I Fatti del Caso: Reati Precedenti e un Sodalizio Criminale
Il caso esaminato dalla Suprema Corte riguardava la posizione di un soggetto condannato per aver fatto parte di un’associazione a delinquere. Prima che venisse contestata la sua partecipazione al sodalizio, la stessa persona aveva commesso una serie di truffe, giudicate separatamente. Questi reati precedenti presentavano caratteristiche molto simili a quelli poi realizzati nell’ambito associativo: erano stati commessi in un periodo di tempo molto vicino e con la partecipazione di soggetti che si sarebbero poi rivelati membri dello stesso gruppo criminale.

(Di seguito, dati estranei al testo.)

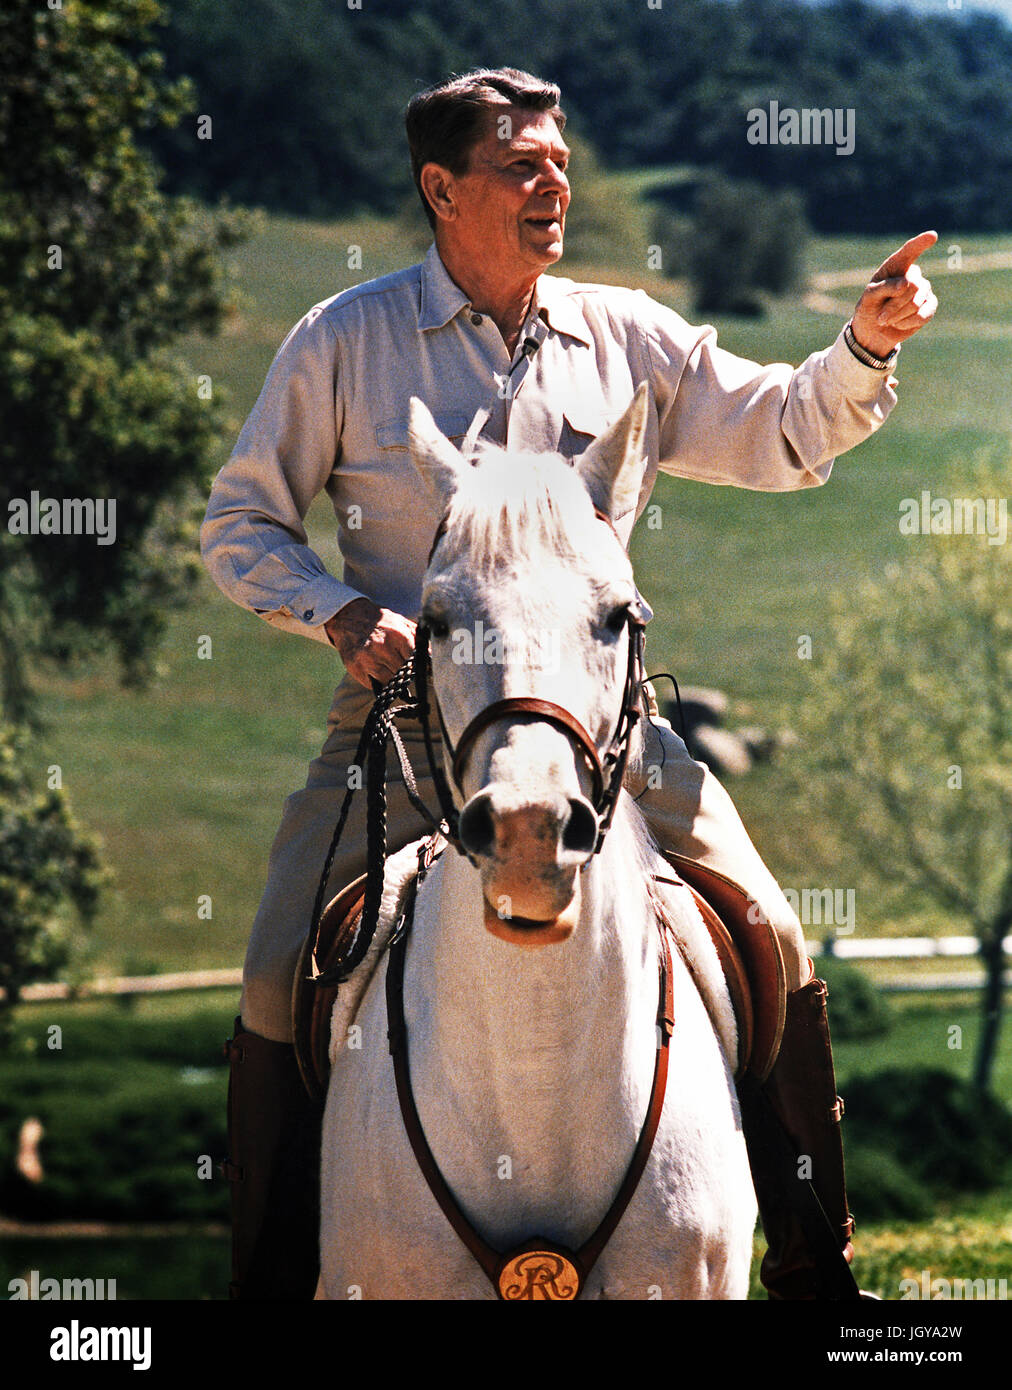 Ronald Reagan on horseback at his California ranch Stock Photo

Il Giudice dell’esecuzione, tuttavia, aveva respinto la richiesta di riconoscere il vincolo del reato continuato tra le truffe antecedenti e il reato associativo, senza però fornire una spiegazione convincente.
La Valutazione del Reato Continuato: Come si Prova il Disegno Unitario?

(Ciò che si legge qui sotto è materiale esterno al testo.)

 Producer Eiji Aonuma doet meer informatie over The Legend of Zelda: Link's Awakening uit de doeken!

La questione centrale ruota attorno alla prova del “medesimo disegno criminoso”. Secondo la legge, non è necessario che questo piano sia stato definito in ogni dettaglio fin dall’inizio. La volontà criminosa può essere ricostruita anche a posteriori (ex post), attraverso un’analisi logica e induttiva degli elementi a disposizione. Il giudice deve valutare se, sulla base dei fatti, sia altamente probabile o verosimile che i vari reati fossero parte di un’unica strategia deliberativa.
La Corte di Cassazione ha ribadito che, di fronte a una pluralità di indizi convergenti, il giudice non può semplicemente negare la continuazione, ma ha l’obbligo di effettuare una verifica analitica per escluderla motivatamente.

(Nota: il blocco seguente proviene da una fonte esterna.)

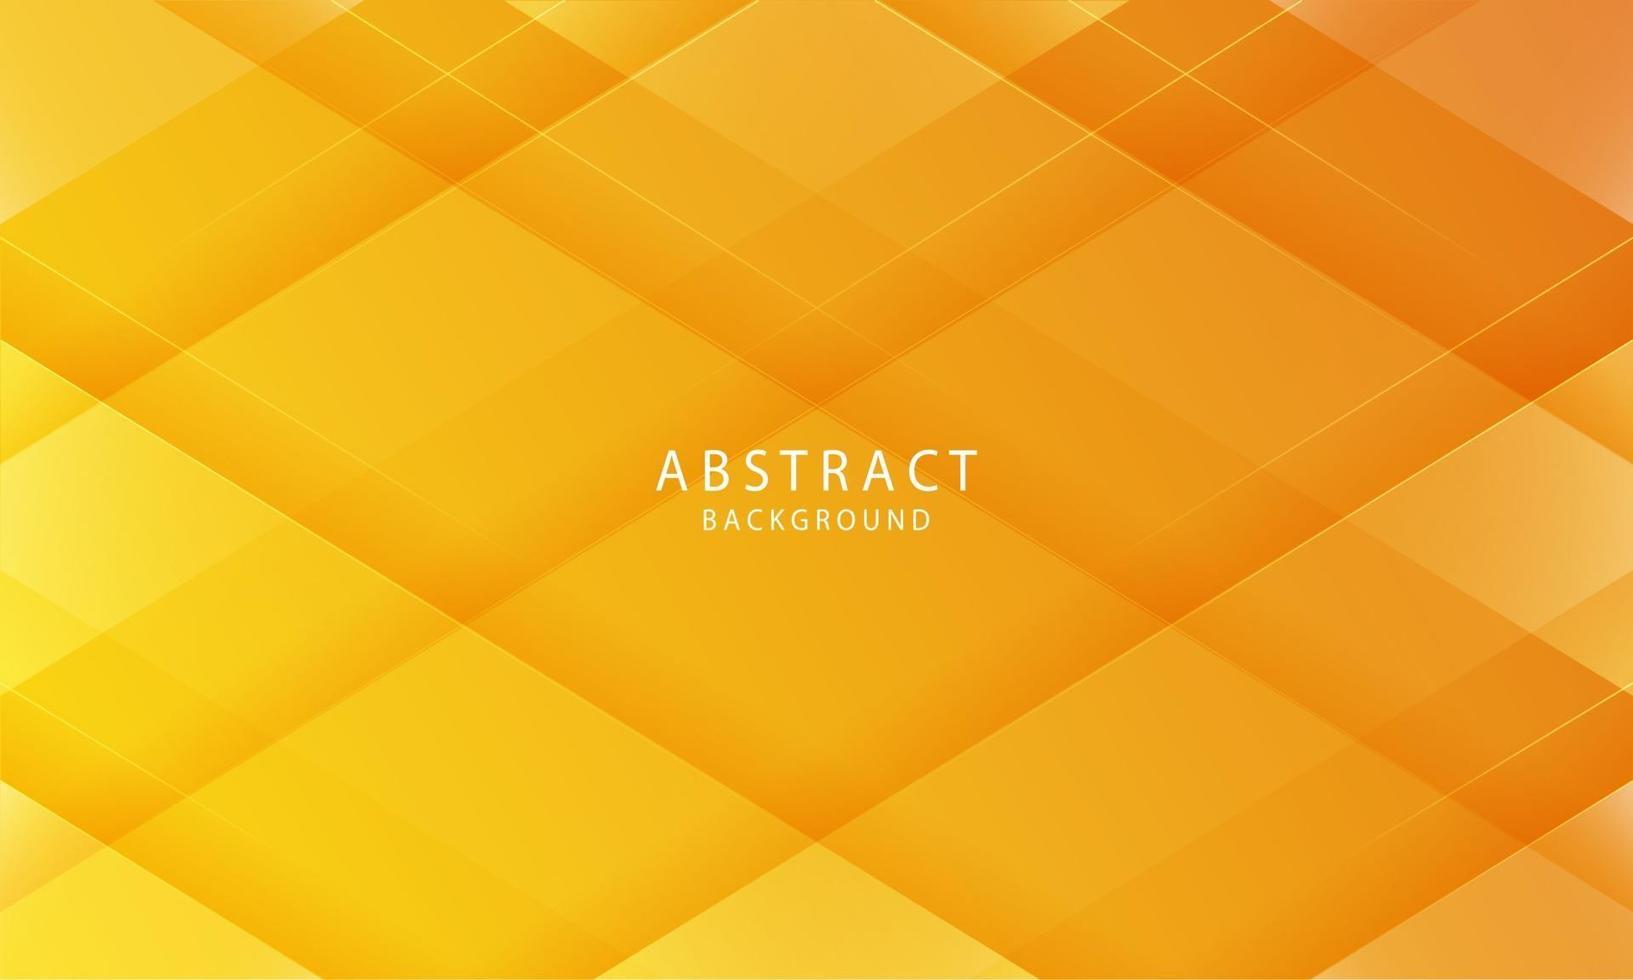 Fondo abstracto de color naranja con rayas diagonales. patrón geométrico mínimo. eps 10 vector

La Decisione della Suprema Corte e il Principio di Diritto
La Suprema Corte ha accolto il ricorso, annullando l’ordinanza impugnata e rinviando il caso alla Corte di Appello per un nuovo esame. Il provvedimento è stato giudicato carente nella motivazione proprio perché non aveva adeguatamente considerato la forte contiguità tra i vari episodi criminali. In presenza di una identità nel modo di agire, nel tempo e nei soggetti coinvolti, era doveroso spiegare perché tali elementi non fossero sufficienti a configurare un’unica cornice deliberativa.
Le Motivazioni: Gli Indizi Rivelatori del Disegno Criminosa
La sentenza ha richiamato i consolidati principi espressi dalla giurisprudenza, in particolare dalle Sezioni Unite, che hanno individuato una serie di indicatori per accertare l’esistenza di un reato continuato. Questi includono:
* L’omogeneità delle violazioni e del bene giuridico protetto.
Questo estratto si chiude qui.